Other "clinics" are PBSC (wide assortment as others have mentioned), Advocates for Injured Workers, and Artists' Legal Advice Services. You'll see the types of work different PBSC places do on the 1L application. If you're interested in client-facing work/public legal education/legal research, etc., you can rank accordingly. AIW gives you carriage of your own files as a 1L so is a good opportunity for substantive work. I believe ALAS is mostly shadowing lawyers as a 1L but I could be very wrong on that.

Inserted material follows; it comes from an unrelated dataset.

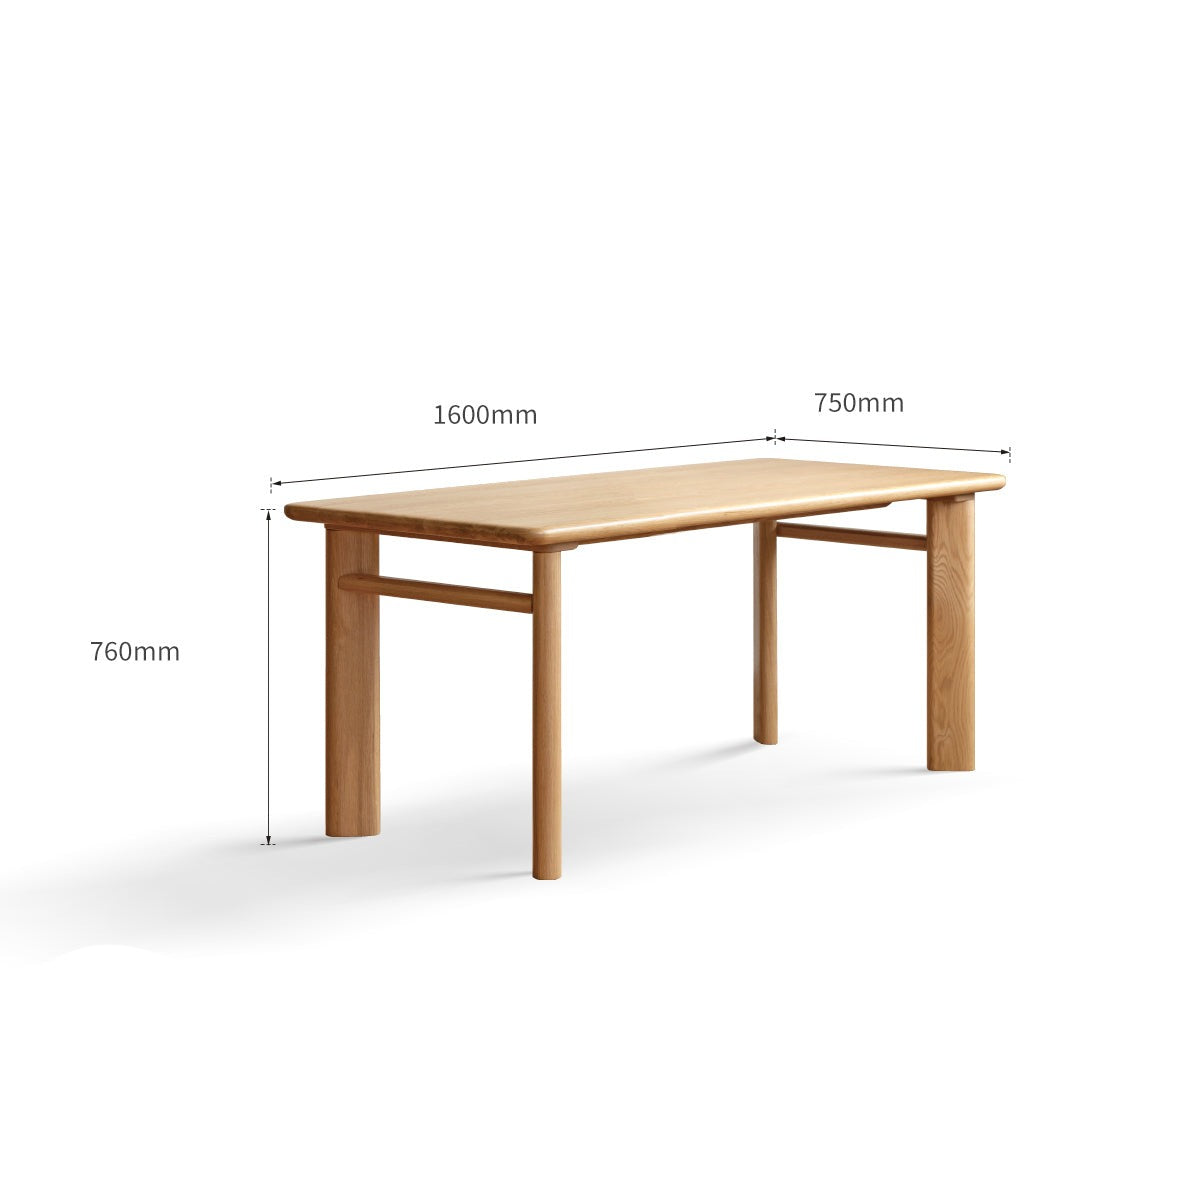 Oak Solid Wood Large Size Office Desk -

One thing I would keep in mind is that there will be a LOT of (very cool) opportunities to get involved right at the beginning of the year. I think you can take advantage of that and still do well academically, but you should probably know this better for yourself than any of us would. In undergrad, did being involved outside of class make you more or less productive? However, keep in mind that other opportunities will come up throughout the year that you may want to leave room in your schedule for. These are mostly oral advocacy opportunities -- 1L moots (there are 2 now!) are the main ones. They're great experience but a big time commitment (also competitive so to be fair it's a trade-off whether you would deliberately leave room for it). There are also other oral advocacy opportunities (i.e. client consultation competition, motions workshop, trial advocacy) that are more one-offs but still lots of fun and great experience. 

All this to say that you have lots of time and don't need to be "worrying" about this but I was excited about what was to come too and had similar questions. Hope this helps!